Regardless, that doesn’t mean the casual checkout worker can easily get a job again. That doesn’t mean the train driver wants to go through the training to spend his life as a train information technology specialist. Technology has a human cost.
On the flipside, though, technology can lead to human gain. New technologies often make our economies better for all of us. For instance, you don’t hear consumers crying out for banks to shut down their ATMs and bring back bank tellers and their extraordinary queues. And the more efficient service a company provides, the more likely they are to get the consumer dollar and spread their wealth around.
One economist writes that technology “always throws people out of work…but in the long run, employment keeps growing, and wages keep rising.”

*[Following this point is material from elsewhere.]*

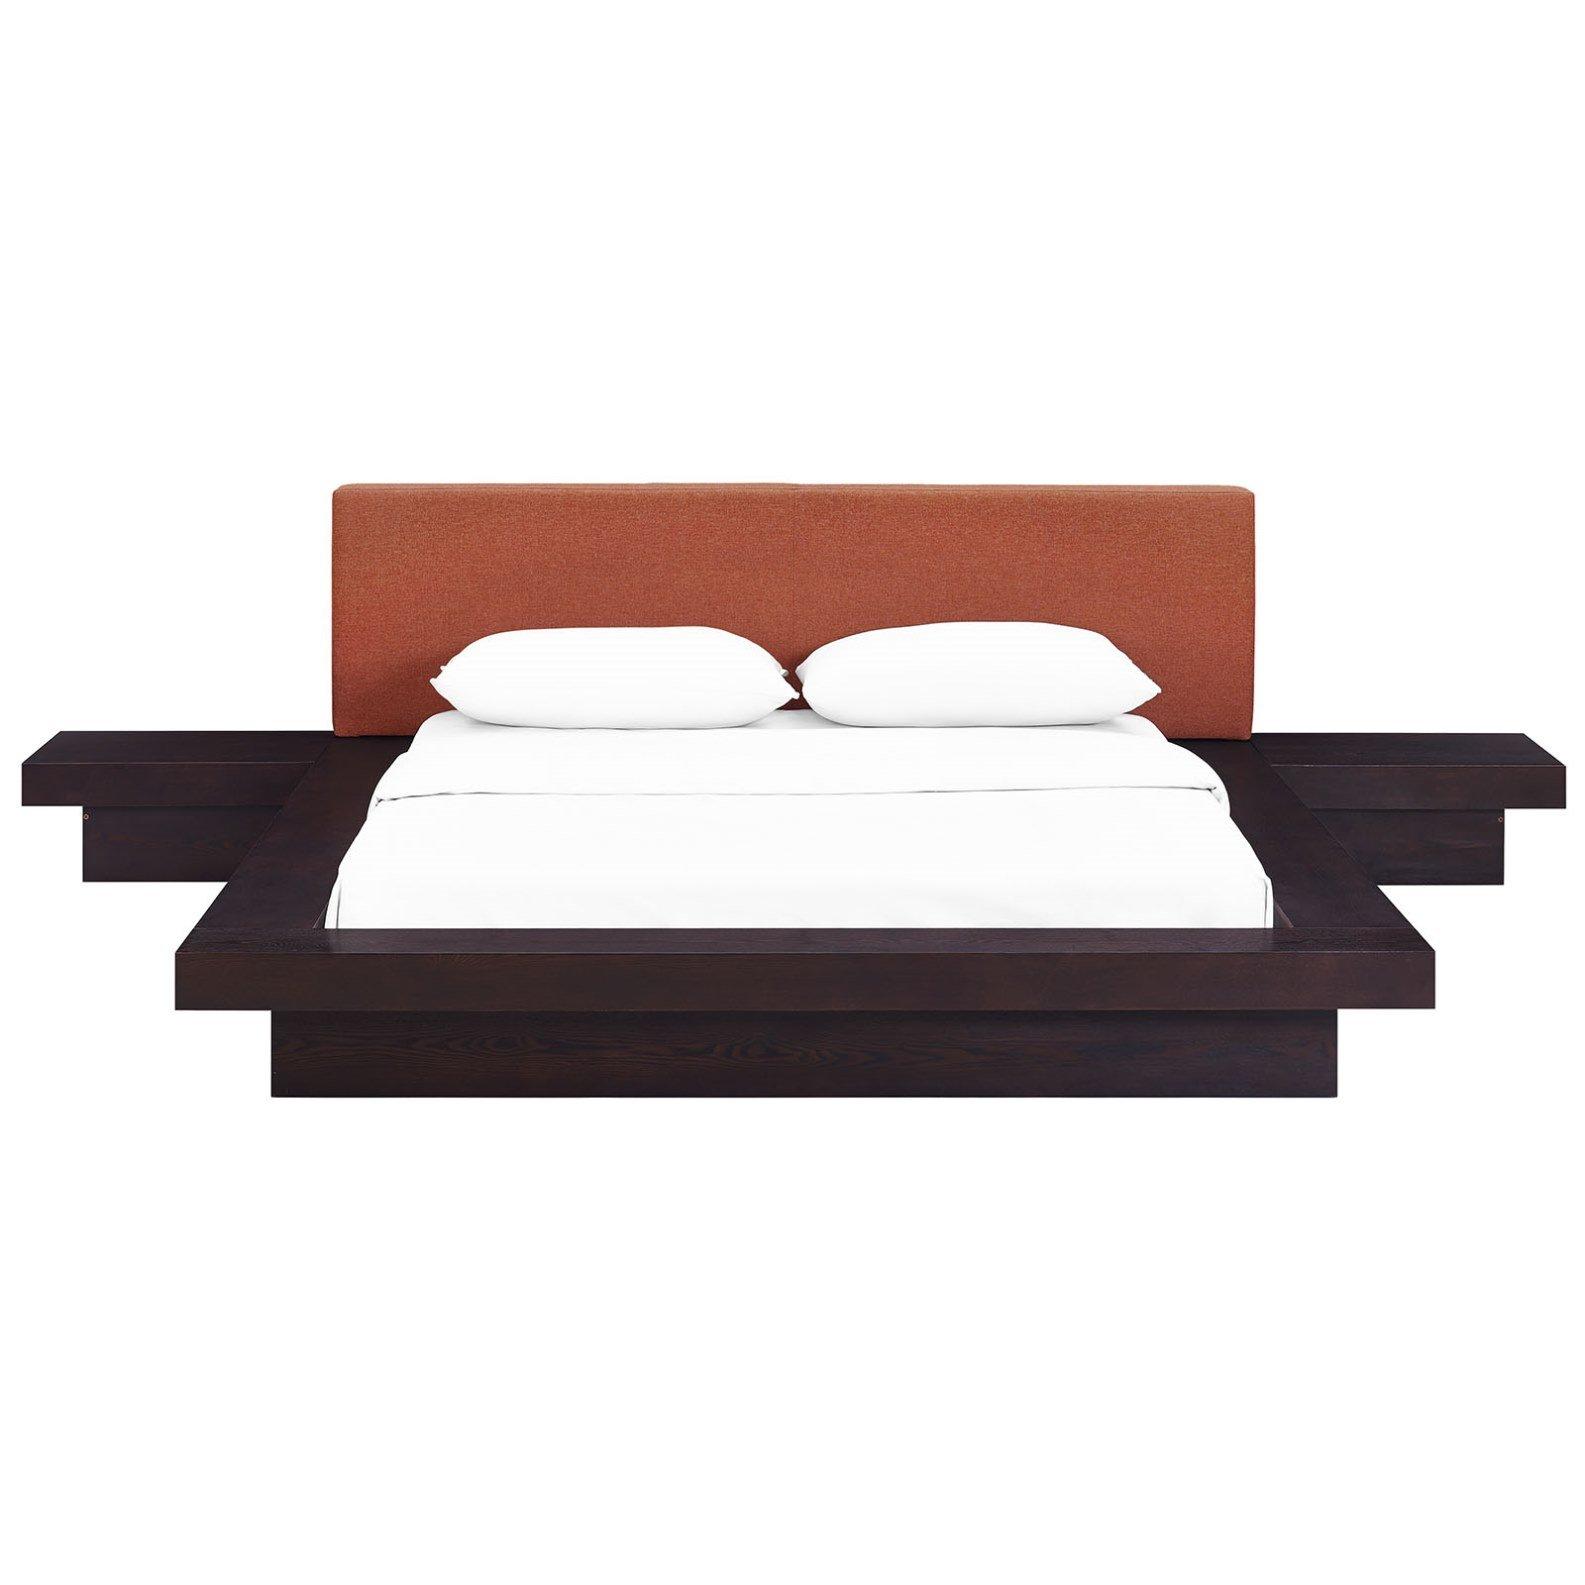 Modern Contemporary Urban Design Three PCS Queen Size Bedroom Bed Set, Orange, Fabric Wood

The key word there is “in the long run”. It doesn’t mean people don’t get left behind. Another economist writes: “Technology grows the overall economic pie, but that’s different than saying it will leave everyone unambiguously better off.”
Last year FoxConn, a Taiwanese company that manufactures Apple products like iPads in factories in China, said that it would sharply boost the number of robots it had working for it from 10,000 to 300,000 by this year.
Why? An analyst explained: “It’s no longer easy to double production by doubling your work force, it might be now cheaper to buy a new machine in the long run,” he added.
Once upon a time we were worried about our jobs being outsourced to people in China. Now we’re worried about them being outsourced to machines in China. And what about the Chinese workers? FoxConn too claimed at the time they were going to move the manufacturing workers into better, higher-paying jobs, but do you really think there’ was space for many of them amongst those hundreds of thousands of robots?
The world is getting more hi-tech. But while our trains might be driving themselves, some - the checkout chicks and the Chinese - are inevitably going to be left at the station, wondering what they’re going to do next.